Simulating inflation effects on financial features. If average incomes rise 8% due to inflation but loan amounts rise 12% (because property prices increase faster than wages), the debt burden increases — and our model's risk assessments may be off.

prod_income = reference_data['AMT_INCOME_TOTAL'].sample(n_prod, replace=True).values * 1.08
prod_credit = reference_data['AMT_CREDIT'].sample(n_prod, replace=True).values * 1.12
prod_annuity = reference_data['AMT_ANNUITY'].sample(n_prod, replace=True).values * 1.10
prod_goods = reference_data['AMT_GOODS_PRICE'].sample(n_prod, replace=True).values * 1.15

Simulating a younger customer base. If Home Credit launches a marketing campaign targeting younger people, the age distribution shifts. Younger applicants have shorter credit histories and less stable employment — the model might underestimate their risk because it was trained mostly on older applicants.

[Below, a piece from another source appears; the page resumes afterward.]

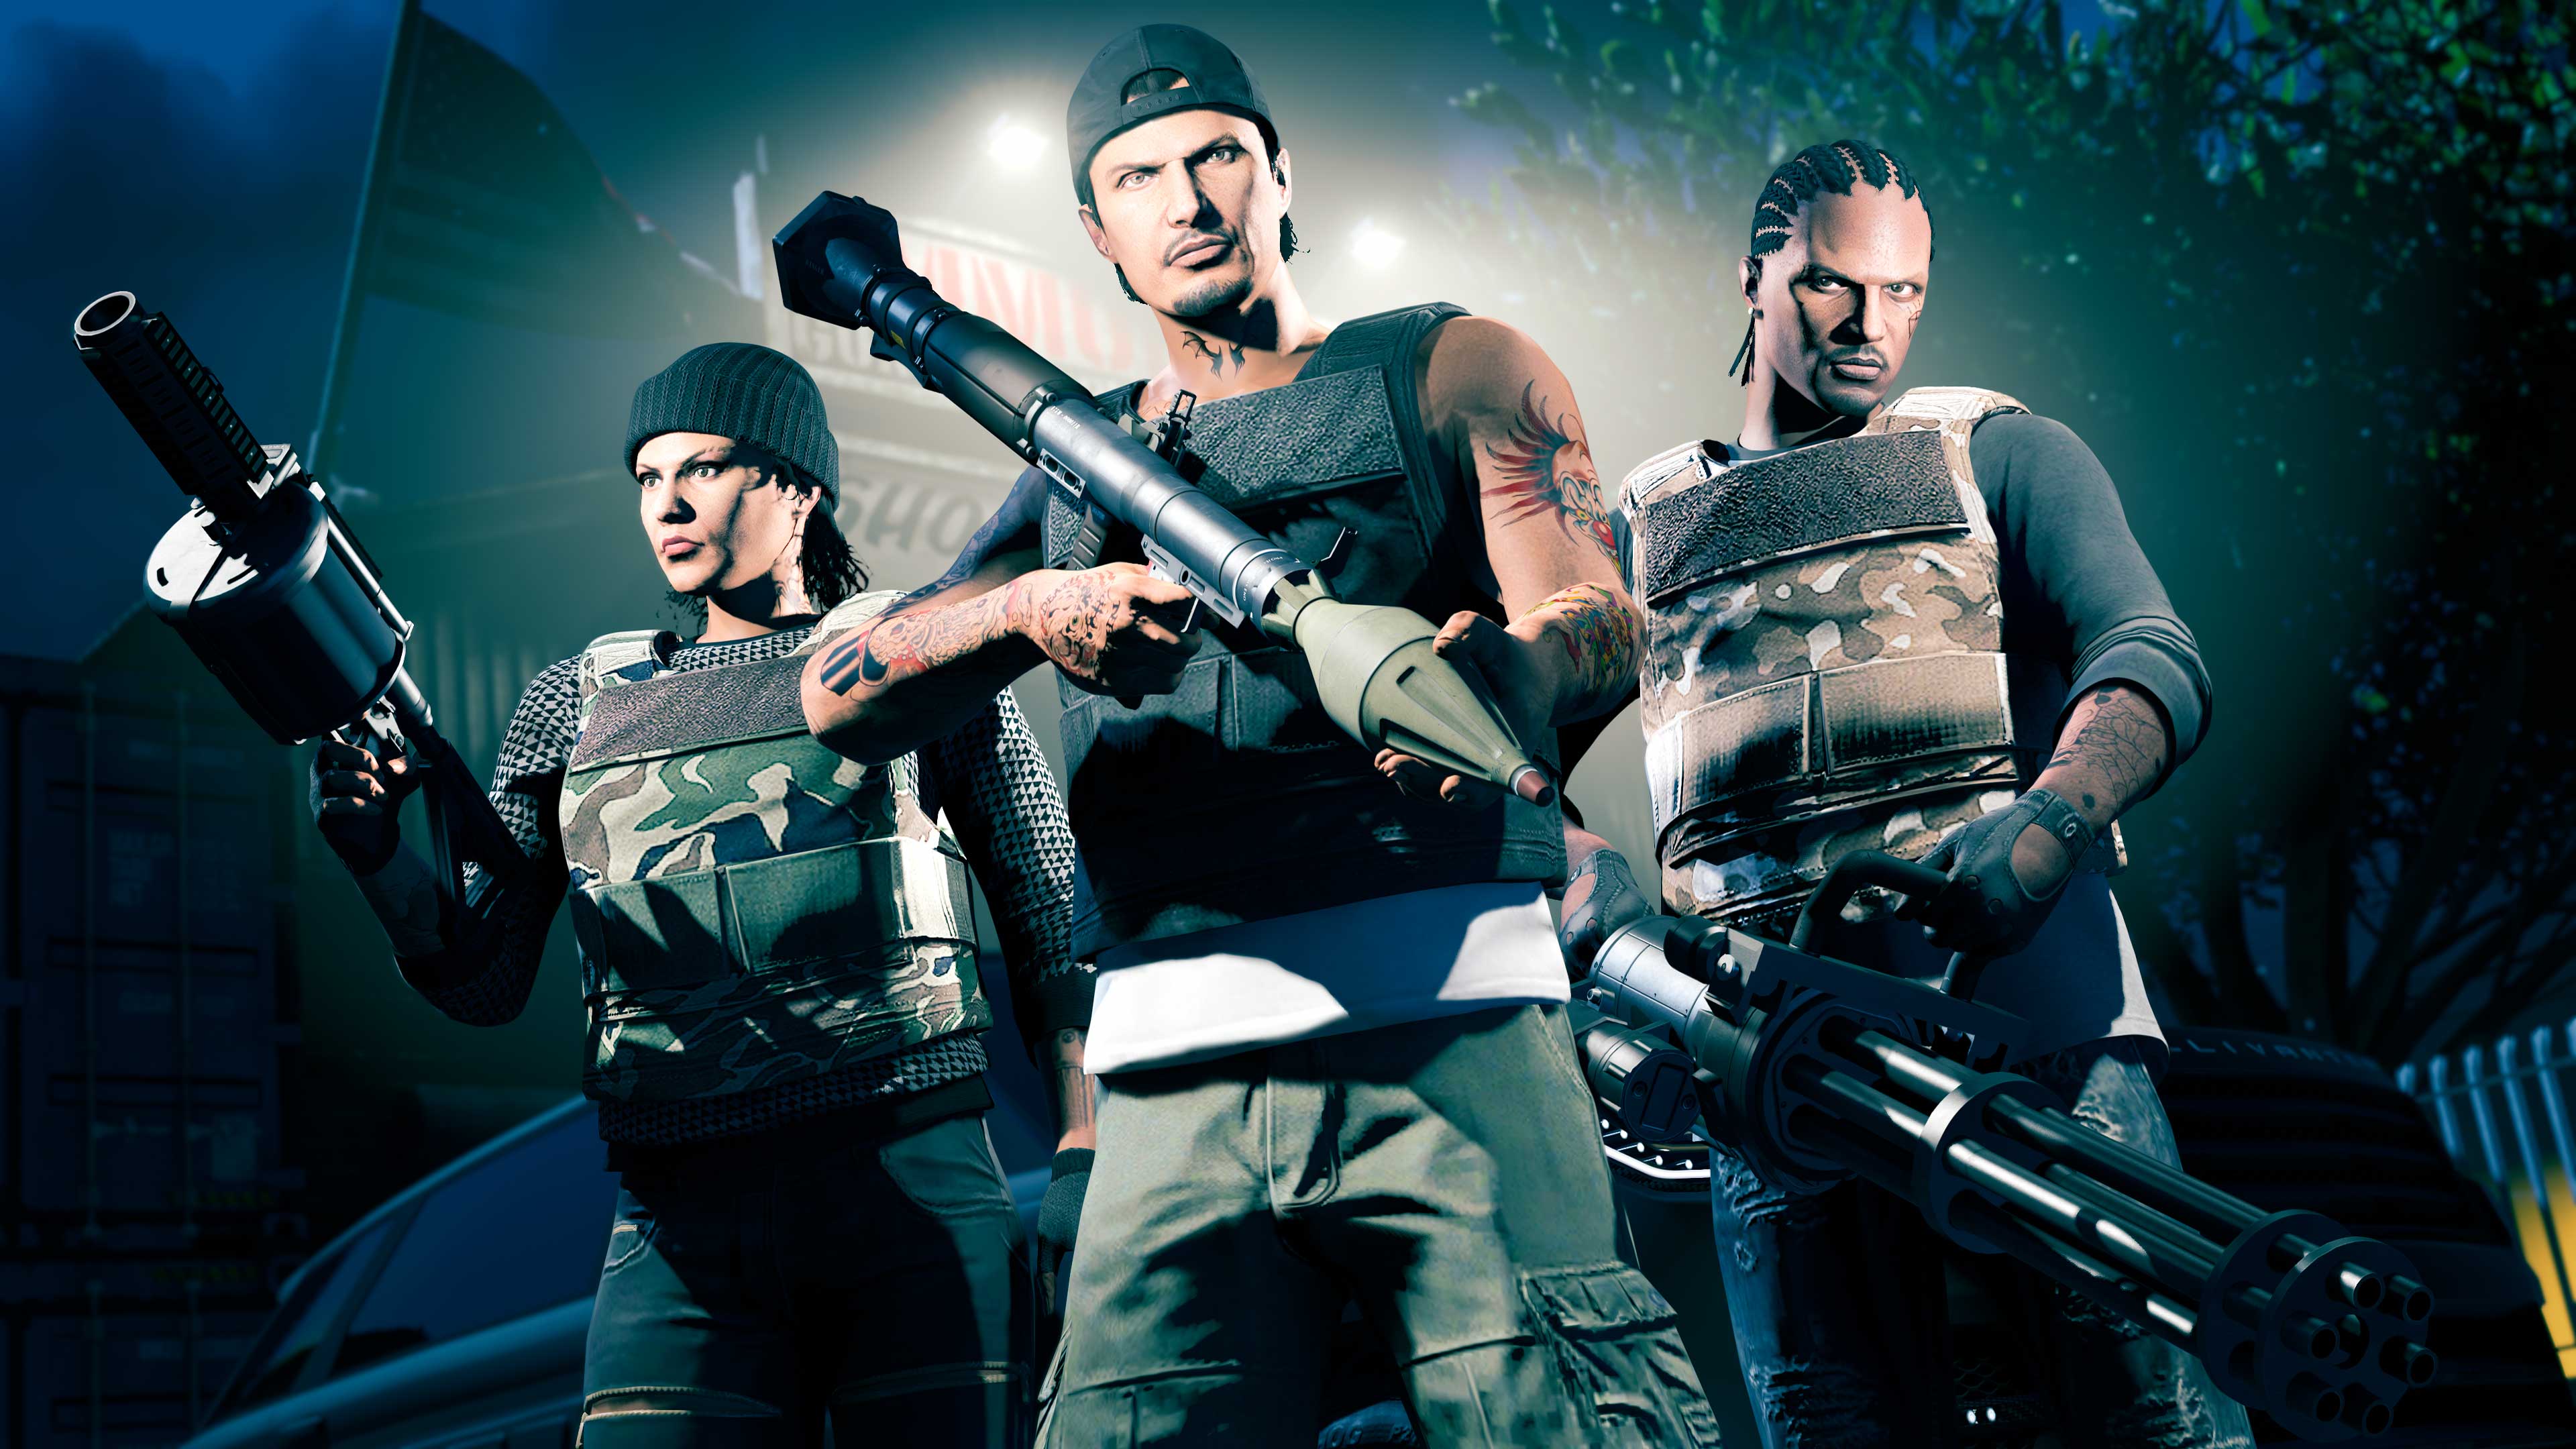 GTA 5 - Rockstar Confirm Niko Bellic was taken out!

prod_age = reference_data['AGE_YEARS'].sample(n_prod, replace=True).values - \
 np.random.uniform(0, 5, n_prod)
prod_age = np.clip(prod_age, 20, 70)

Assembling all simulated features into one DataFrame, including recomputing engineered features. The drift analysis needs to compare the exact same features between reference and production.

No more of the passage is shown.